## Collected data

Start of Block

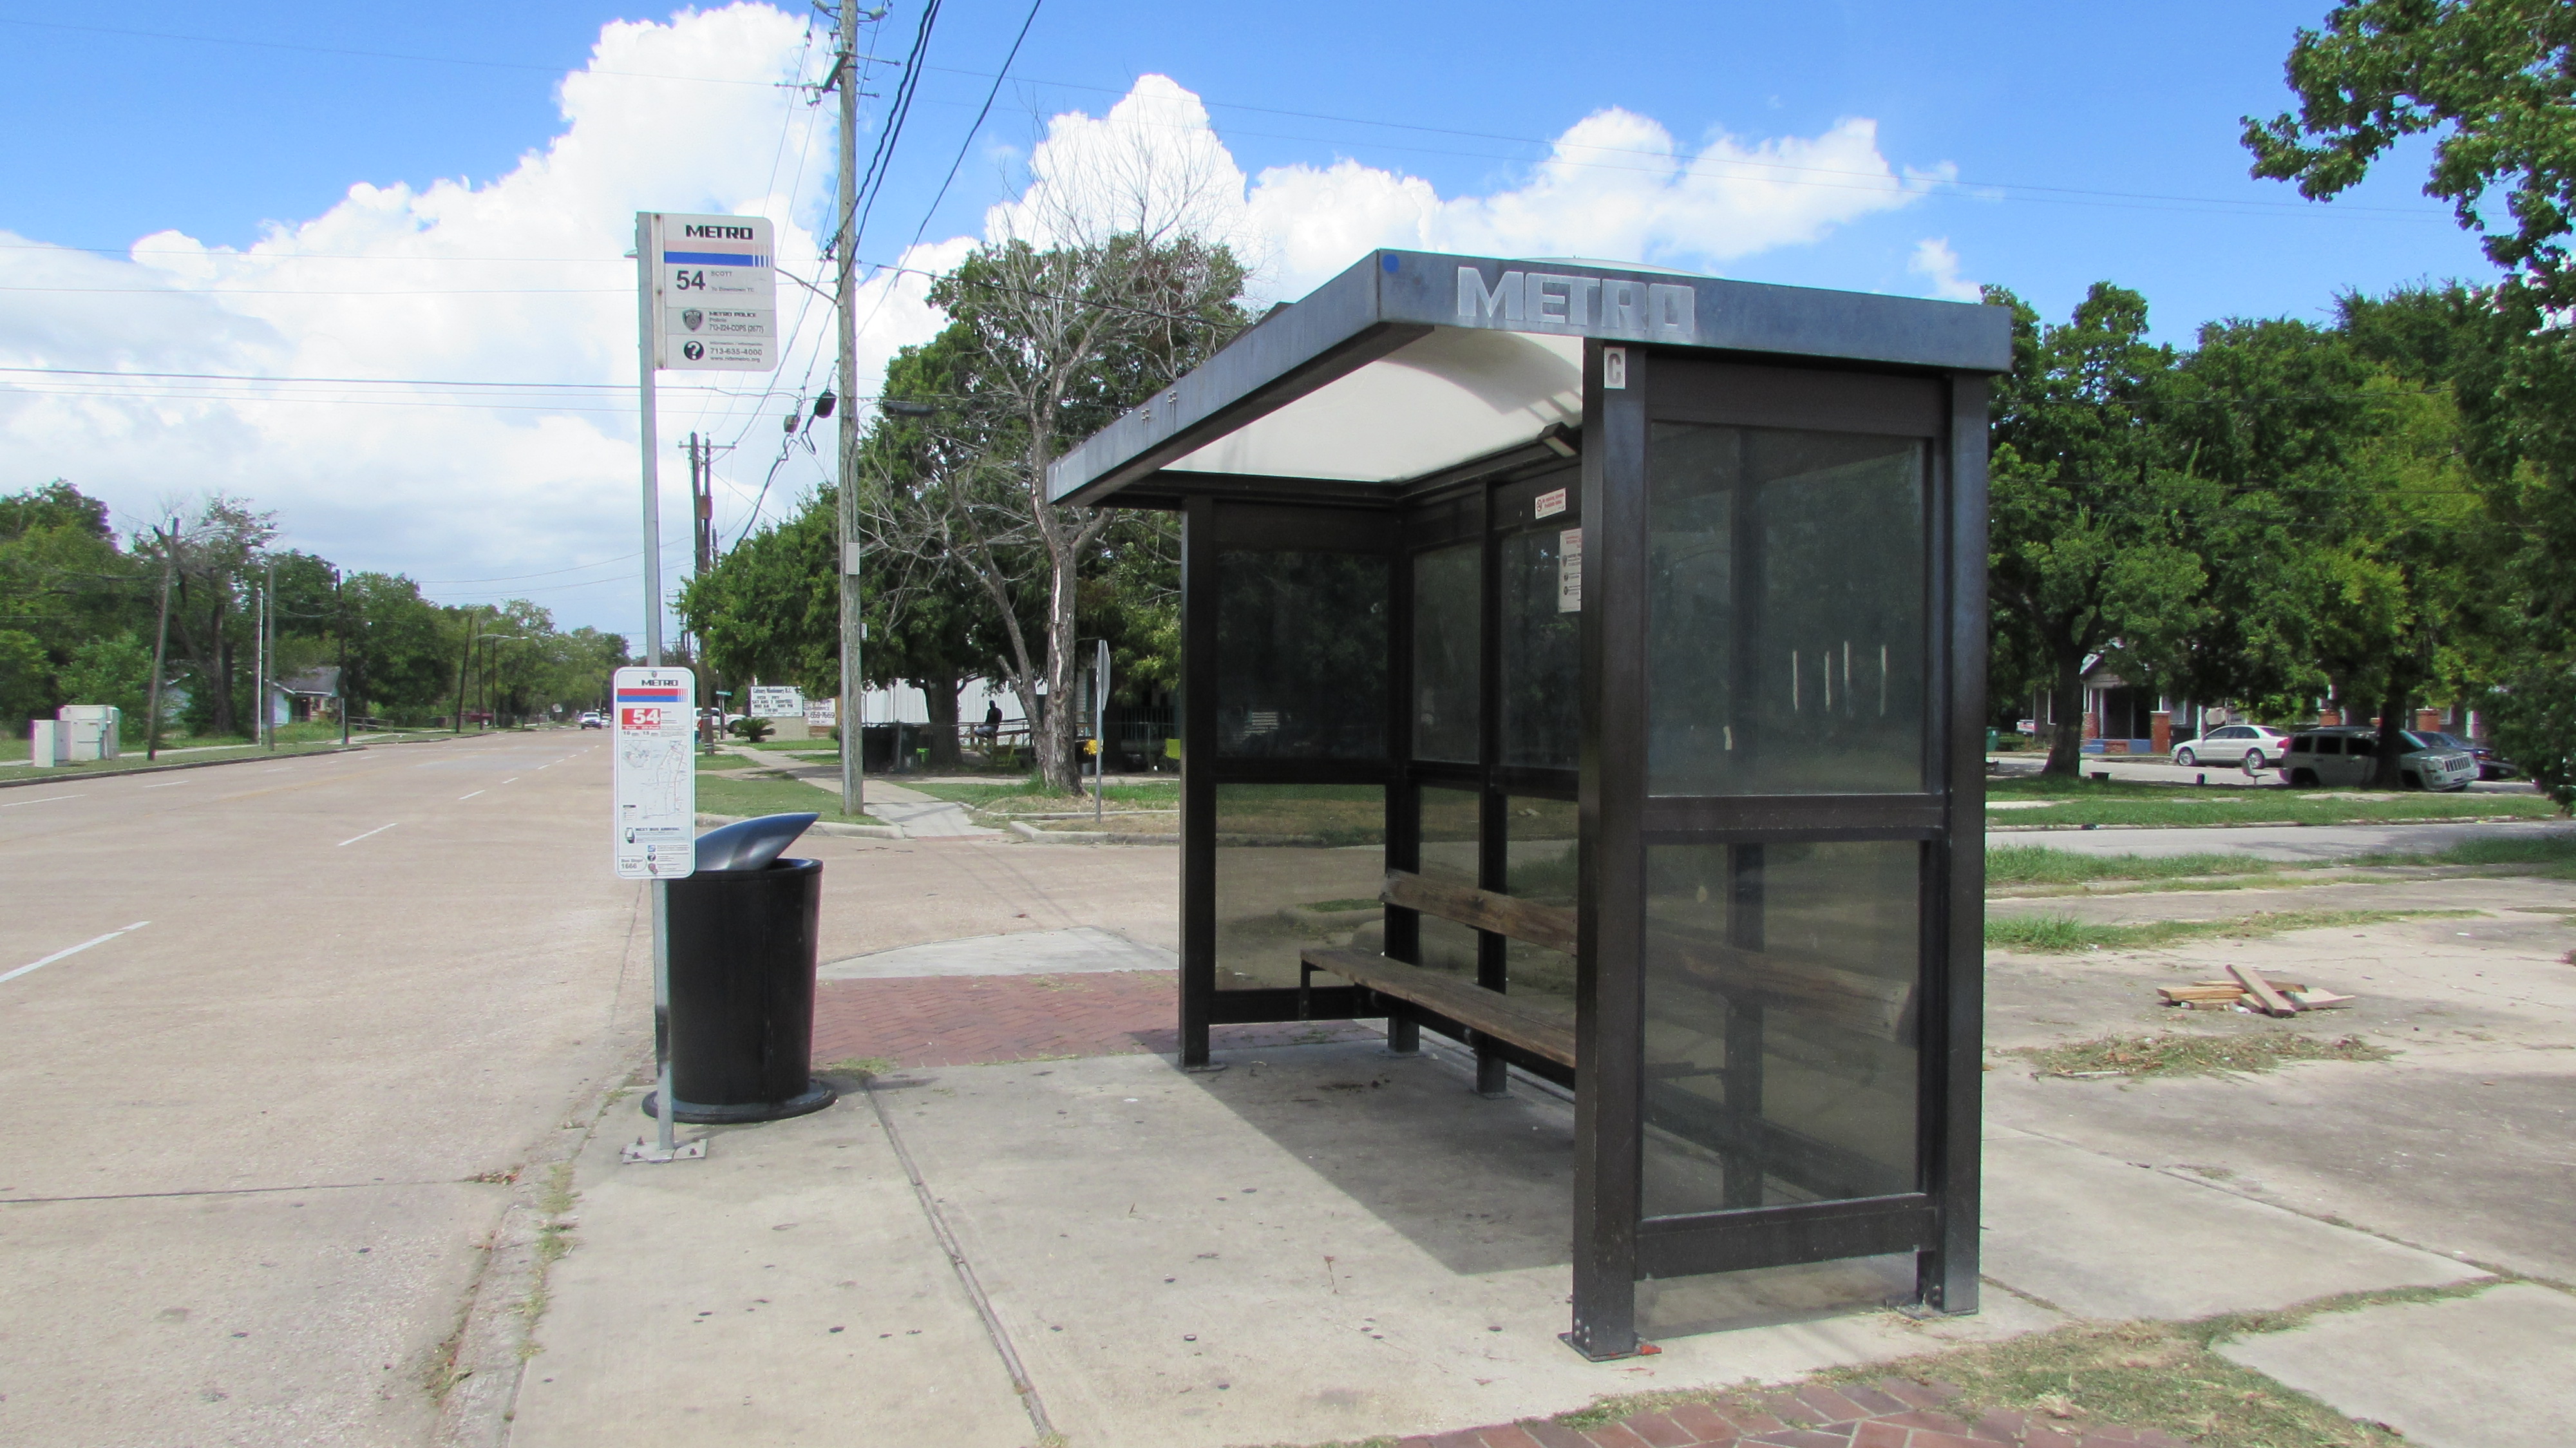 METRO Board Votes To Spend $21 Million On Cleaning Bus Stops – Houston Public Media
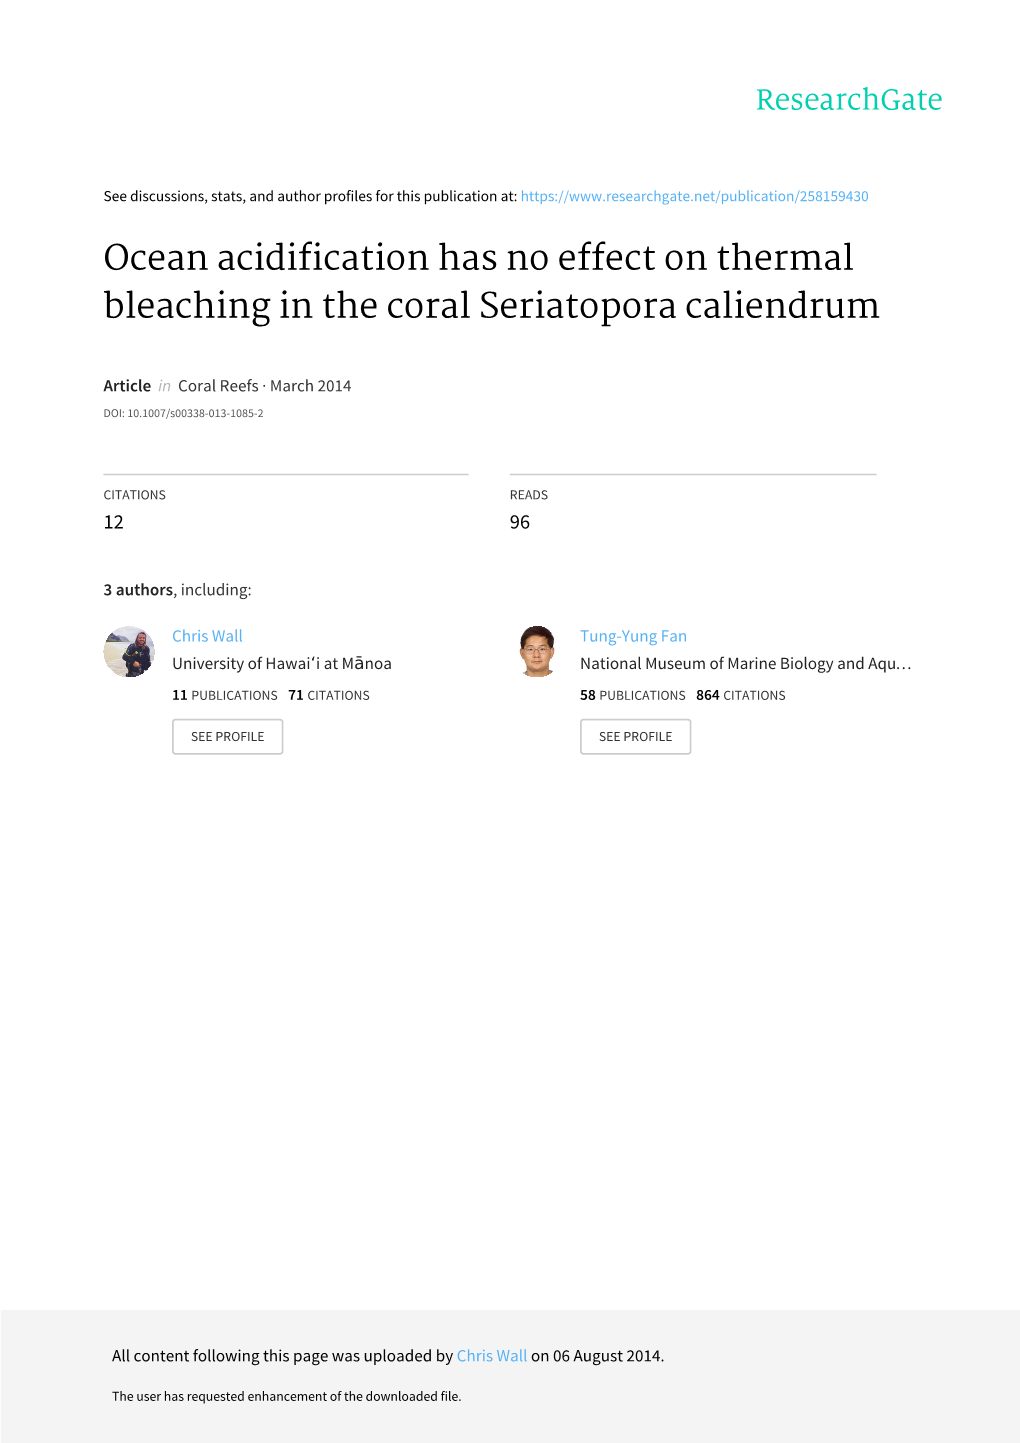 Ocean Acidification Has No Effect on Thermal Bleaching in the Coral Seriatopora Caliendrum
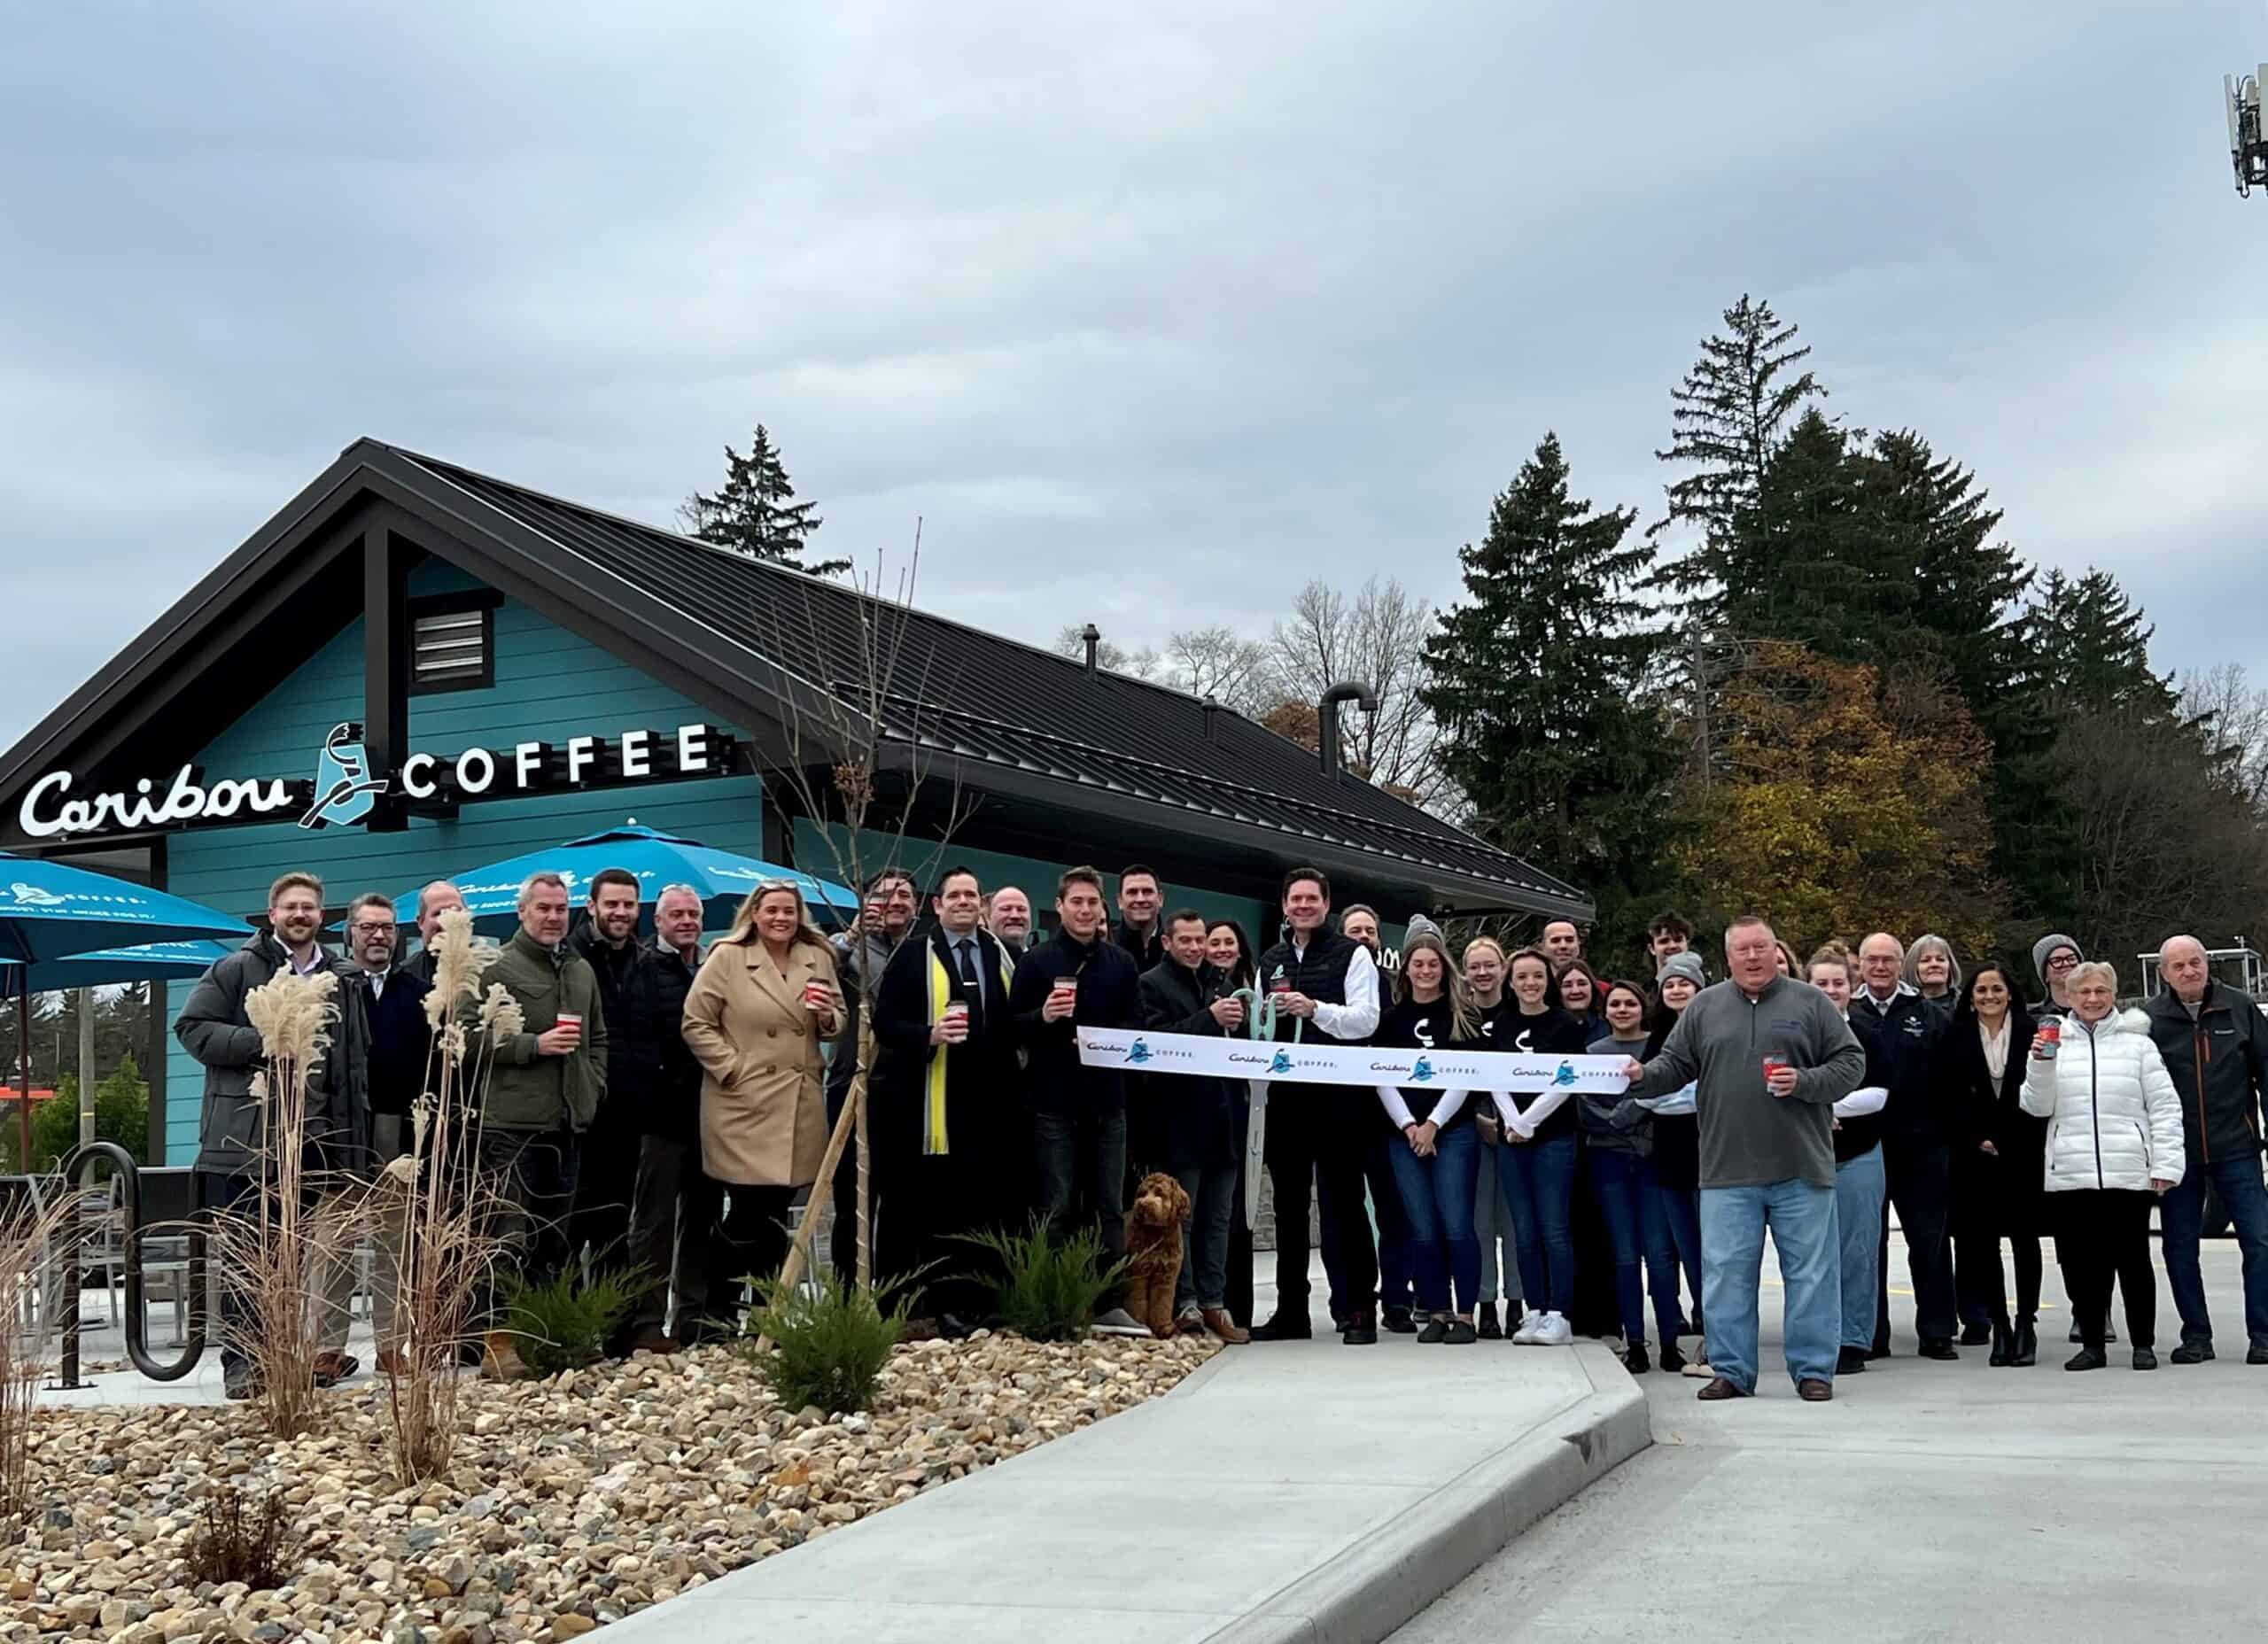 mike mariola restaurant team and caribou coffee team standing outside new caribou coffee cabin in wooster ohio for ribbon cutting ceremony

End of Block

## Your task
Exactly as written, return each line above and leave the pictures behind.

## Answer for the task
 METRO Board Votes To Spend $21 Million On Cleaning Bus Stops – Houston Public Media
 Ocean Acidification Has No Effect on Thermal Bleaching in the Coral Seriatopora Caliendrum
 mike mariola restaurant team and caribou coffee team standing outside new caribou coffee cabin in wooster ohio for ribbon cutting ceremony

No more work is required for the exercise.